Однажды кто-то донес на Губанова, какой-то завистливый человек. Выследили Тихона Лукича, скрутили, в каталажку сунули. Потом в суд повели. Еле-еле откупился.
Выгнали Губанова из лесничества, он в Межгорье подался. Тут дружок-приятель подвернулся, шепчет на ухо: «Не тех зверей, Тихон Лукич, валишь». — «А каких надо?» — «Пойдем в тайгу, увидишь».
Пошли приятели на тропу, подстерегли двух спиртоносов, тех, что из Маньчжурии спирт контрабандой носили. Деньги, правда, не ахти какие взяли. Да вскоре золотишник подвернулся. Это дело покрупнее было...
Золото — дело приворожливое, бандиты его, словно акулы кровь, чуют. И прилипчивое, одному не справиться: добывать-сбывать надо. Мало-помалу Копач в перекупщики ввязался.
Однажды в схватке убили дружка, теперь Тихон Лукич сам себе командир, сам себе армия. При деньжишках, думает он, и с красными, и с белыми жить можно. Шут с ним, чья возьмет.
С китайцем они хорошо поработали. Не надо бы его убивать, да хороший куш приволок. Не выдержал Тихон Лукич, жадность одолела.
С Копачом тоже как-то надо кончать, все время цену сбивает. Один раз попробовал, не удалось: Прокоп Егорыч смекнул. Я, говорит, всех мертвецов твоих на ноги подниму, в тюрьме сгниешь. А стрелять и я мастак.
Так бы ничего, только скука заедает. Хуже комара, хуже мошки. Звери и те обществом живут, горе и радость меж собой делят. Волки и те... Да что говорить: хуже волка живет он, Губанов.
Посмотрится Тихон Лукич в стоячую воду — зажмурится с тоски. В сорок лет жить да жить. А у него пролысины через всю макушку, меж ними волосенки редкие торчат. Бородка тоже с проседью, нос широкий, синий, на грушу походит. Спирт, он веселит, да не красит...
Кирька с Тимкой на нарах сидят, Тихон Лукич тесто месит. Решил он лепешек испечь, галушек сварить. Так хлебного захотелось, аж слюнки текут.
Ребят Тихон Лукич угощает вяленым мясом, соленой рыбой, прошлогодней брусникой. Исподволь новостями интересуется. Кирька вспоминает все события, что случились после того, как они с матерью три дня здесь жили. Рыбу ловили, коз стреляли, рябчиков, сохатых. Цумугун ели — костный мозг лосиный. Вот вкуснятина! Ни за что одной лодыжки не съешь.

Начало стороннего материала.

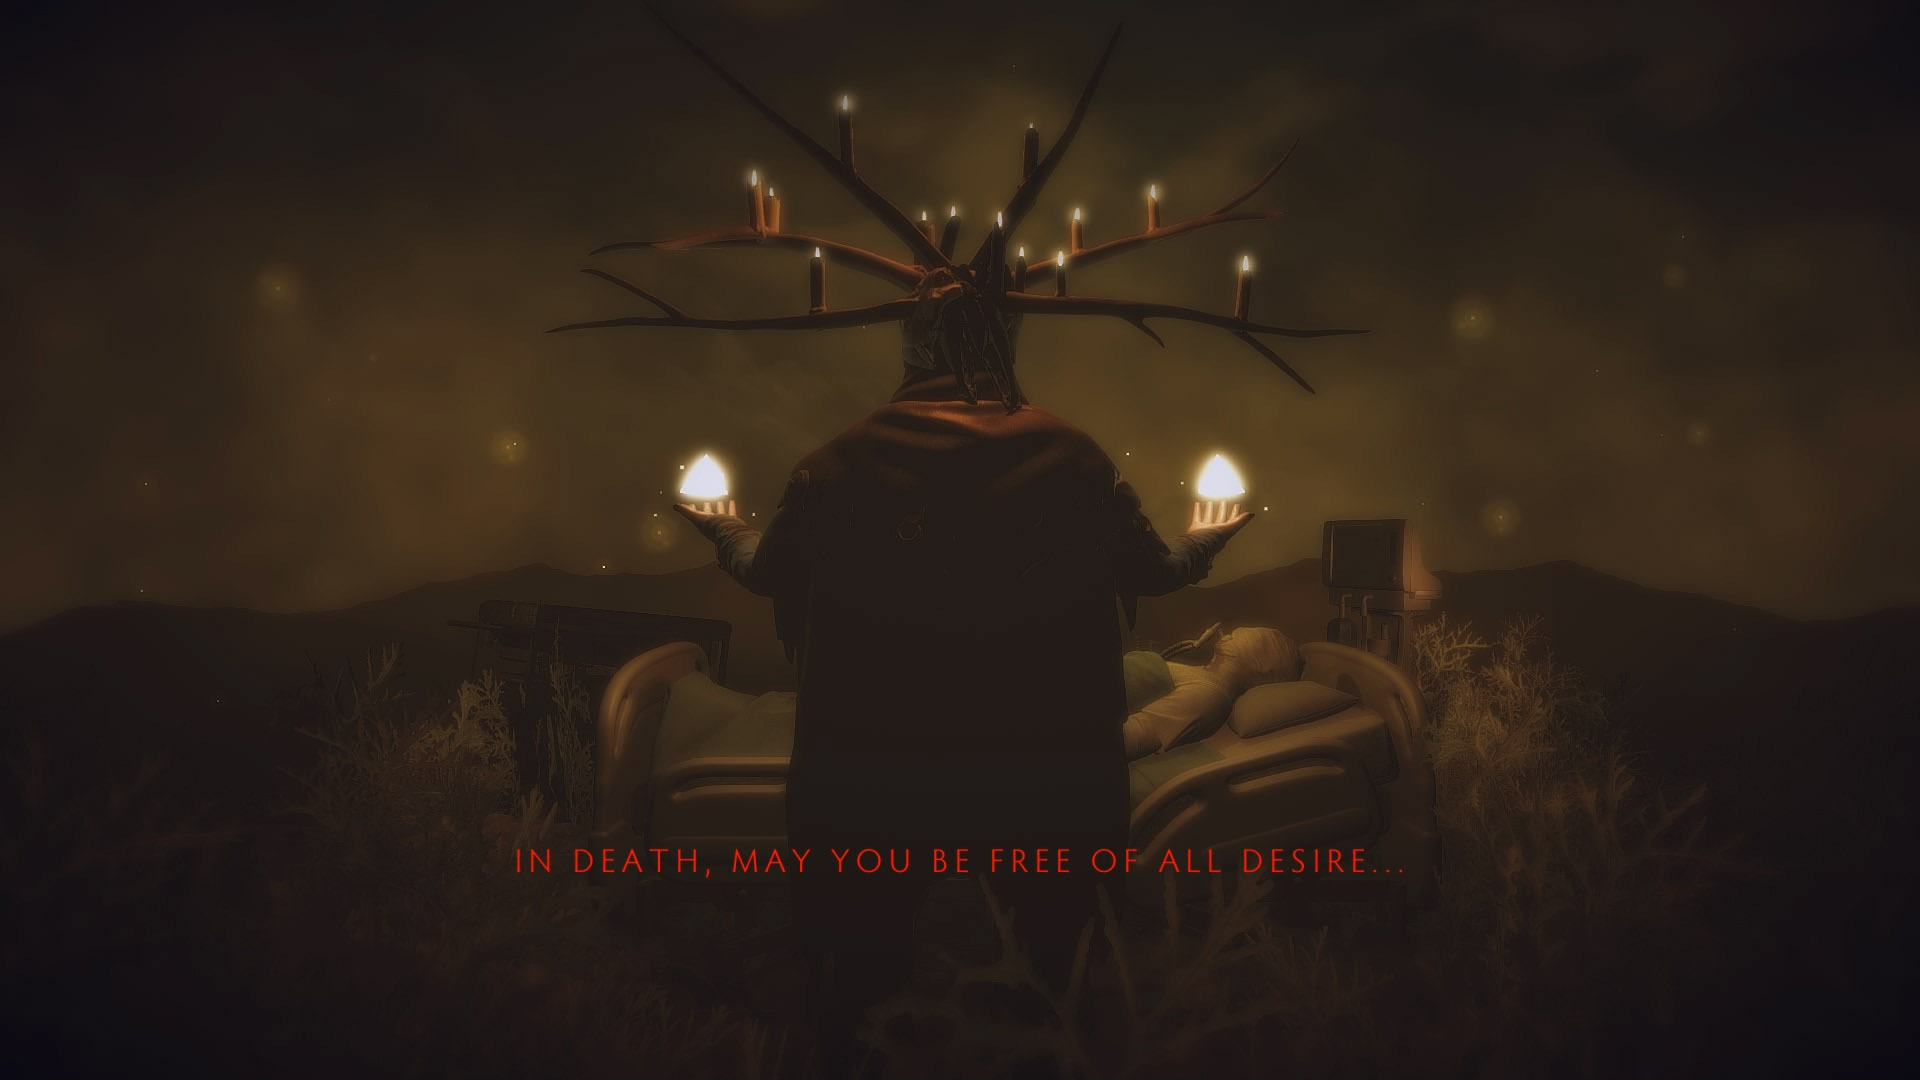 意识国度与死神交锋 独立动作游戏《醒来》6月发售

А теперь вот мать болеет. Если б можно, надо б отцу мать проведать. А то умрет — и не свидятся.
— Даст бог — поправится, — успокаивает Губанов. — Я ей панты пошлю, сразу встанет.
Лепешки раскатаны; Губанов шлепает их на горячую печку, и от куска, что остался, отщипывает маленькие кусочки теста. Вот-вот закипит вода в котелке. Тихон Лукич бросит в нее отщипанные кусочки, посолит, заправит диким луком и, по готовности, будет есть.
— Ты, Тимоха, как живешь? — интересуется Тихон Лукич.
— Так, серединка на половинку. — Тимка не может смотреть на руки Губанова. «Человека убил — и хоть бы хны. Галушки станет жрать, бандитская морда. Был бы наган, тут бы и пристукнул».